Sguardo attraverso una finestra con le tapparelle semi-abbassate. Nella stanza è presente un ventilatore vicino alla finestra.
Nonostante la protezione solare, si raffredda l’interno.

Scenari climatici in granularità oraria

Nel quadro del progetto «Costruire tenendo conto dei cambiamenti climatici - basi per il futuro» MeteoSvizzera ha elaborato i dati orari che rappresentano il possibile clima futuro in singole località svizzere secondo gli scenari climatici CH2018. Sono stati calcolati, in modo fisicamente consistente fra loro, i futuri dati orari di temperatura, umidità, vento e radiazione solare.
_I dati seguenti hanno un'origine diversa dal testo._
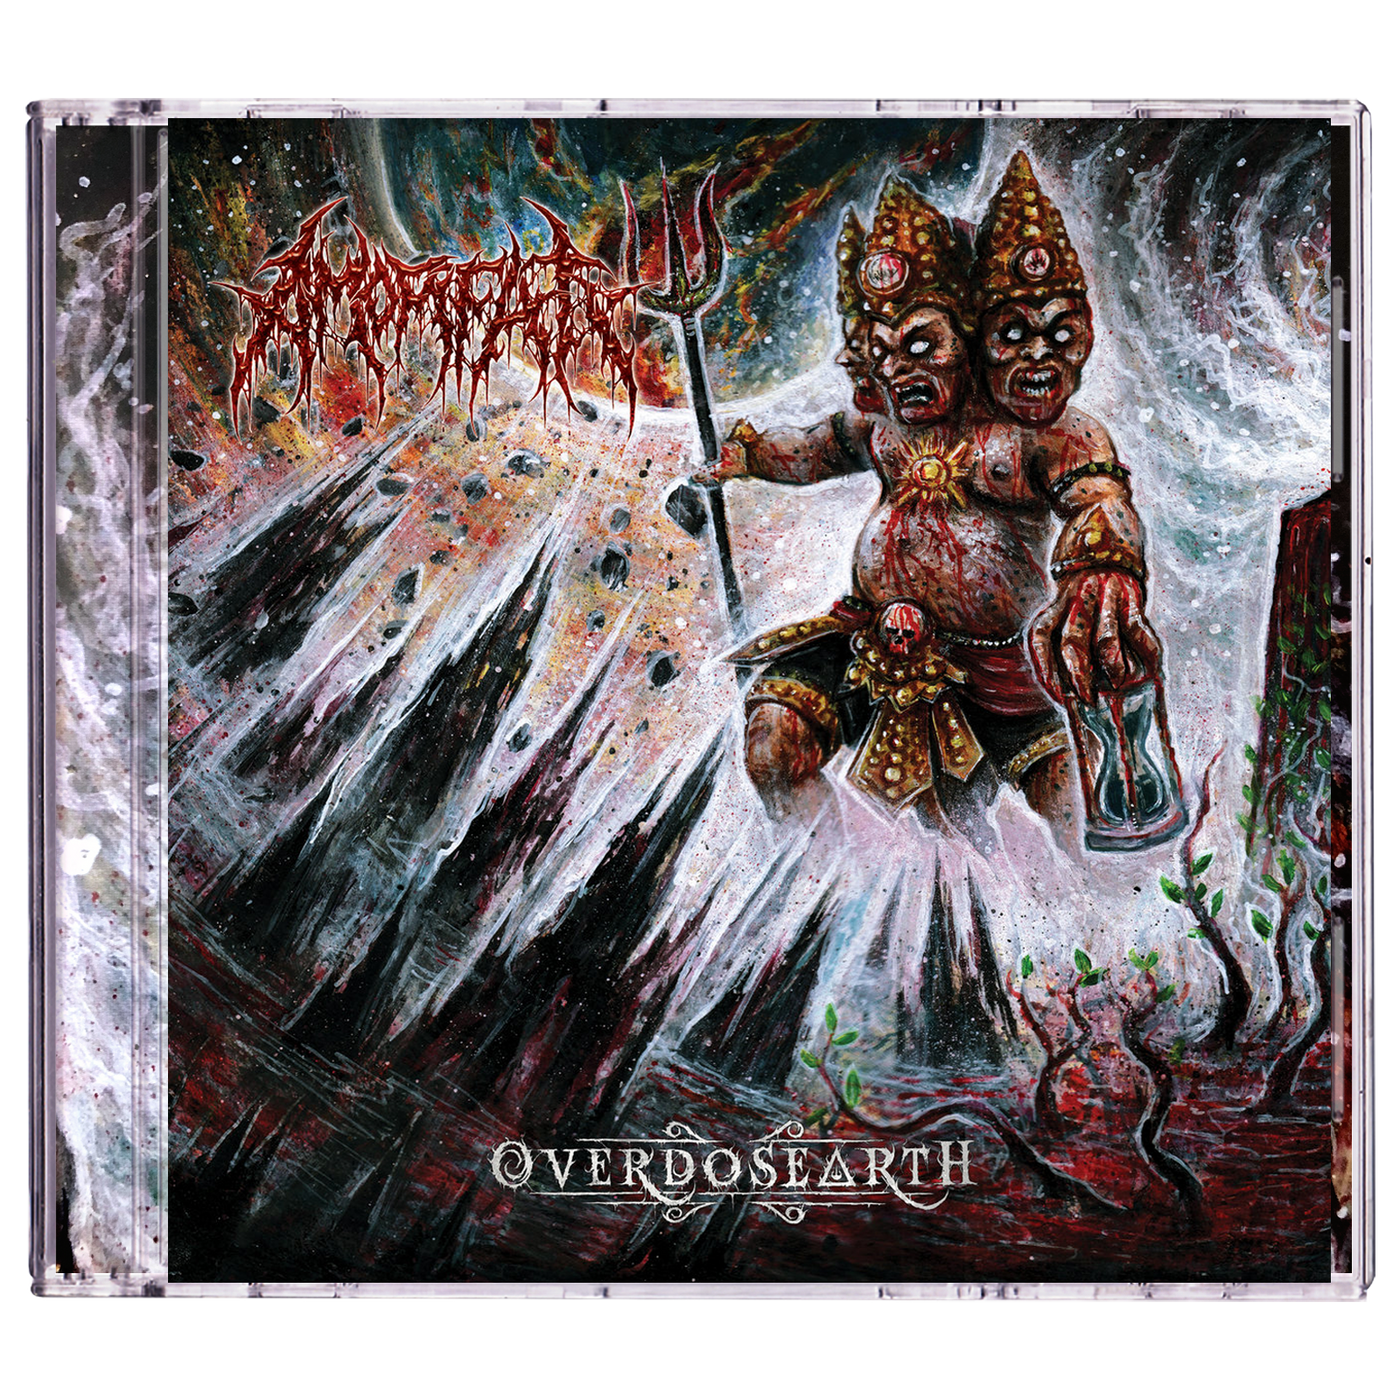 Amorfati 'Overdosearth' CD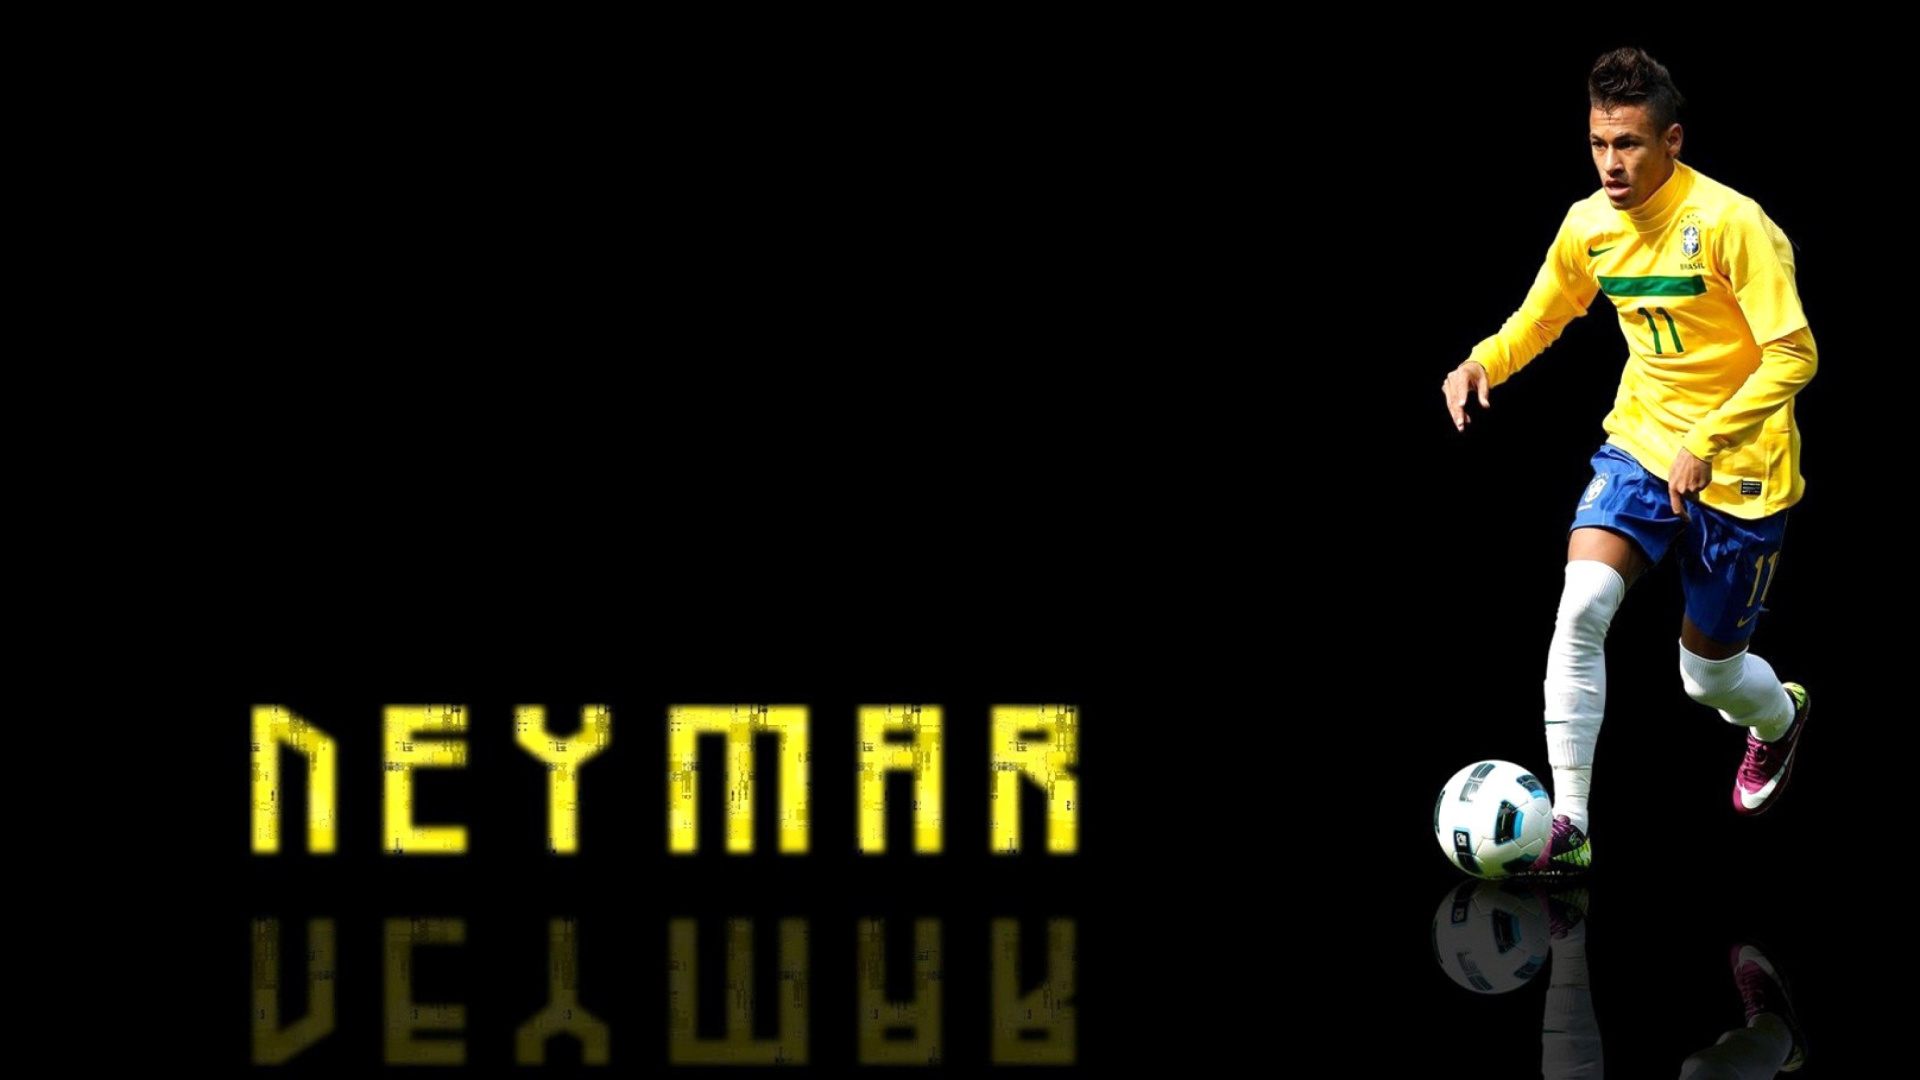 Neymar Brazilian Professional Footballer wallpaper 1920x1080

Questi dati rappresentano gli anni tipici (Design Reference Years) e gli anni con un’estate calda («1 evento ogni 10») del futuro. Essi sono disponibili per 45 stazioni di riferimento per i periodi 2020-2049 e 2045-2074, ipotizzando due diversi scenari di emissione globale dei gas a effetto serra: nessuna protezione del clima (RCP8.5) e coerente protezione del clima (RCP2.6). Questi dati sono stati calcolati sulla base dei dati locali provenienti dagli scenari climatici CH2018 e per quattro città tenendo conto anche dell’effetto di isola di calore. I nuovi dati sono ottenibili gratuitamente all’indirizzo https://map.geo.admin.ch. Per ogni stazione di misura sono disponibili complessivamente sei diversi anni nel futuro.

Una base per la simulazione degli edifici

In collaborazione con il progetto pilota A.15 «Dati aggiornati sul clima per l’urbanistica» del programma pilota «Adattamento ai cambiamenti climatici», i nuovi dati elaborati sono stati testati in modo interattivo simulando il comportamento degli edifici. Da questa collaborazione sono scaturite importanti raccomandazioni per l’utilizzo corretto dei dati da parte dei progettisti di edifici. Dalle simulazioni di prova sono emerse inoltre le prime informazioni sul comfort termico per diverse tipologie di edifici. A dipendenza dell’obiettivo delle analisi – verifica della protezione dalle elevate temperature in estate, rilevamento del fabbisogno energetico o progettazione dell’impiantistica – i diversi dati climatici possono essere utilizzati in modo differenziato nelle simulazioni del comportamento degli edifici.

Le simulazioni di prova hanno fornito informazioni fondamentali sul futuro fabbisogno di energia e il comfort termico previsto nelle diverse tipologie di edifici abitativi, amministrativi e scolastici in località diverse. Sono inoltre state identificate importanti differenze regionali, ad es. per gli edifici sull’Altopiano svizzero, al Sud delle Alpi o in località situate nelle Alpi, rispettivamente nelle regioni urbane o rurali, che possono portare all’applicazione di strategie diverse nella progettazione di un edificio.

Un contributo importante all’adattamento climatico

Con l’utilizzo di questi set di dati i progettisti di edifici danno un contributo importante per ridurre una futura compromissione del comfort e il rendimento degli utenti, come pure per dimensionare in modo ottimale l’impiantistica degli edifici. La nuova base di riferimento a livello nazionale completa i dati disponibili del Quaderno tecnico SIA 2028:2010, affinché gli edifici costruiti oggi siano adatti anche per il clima di domani.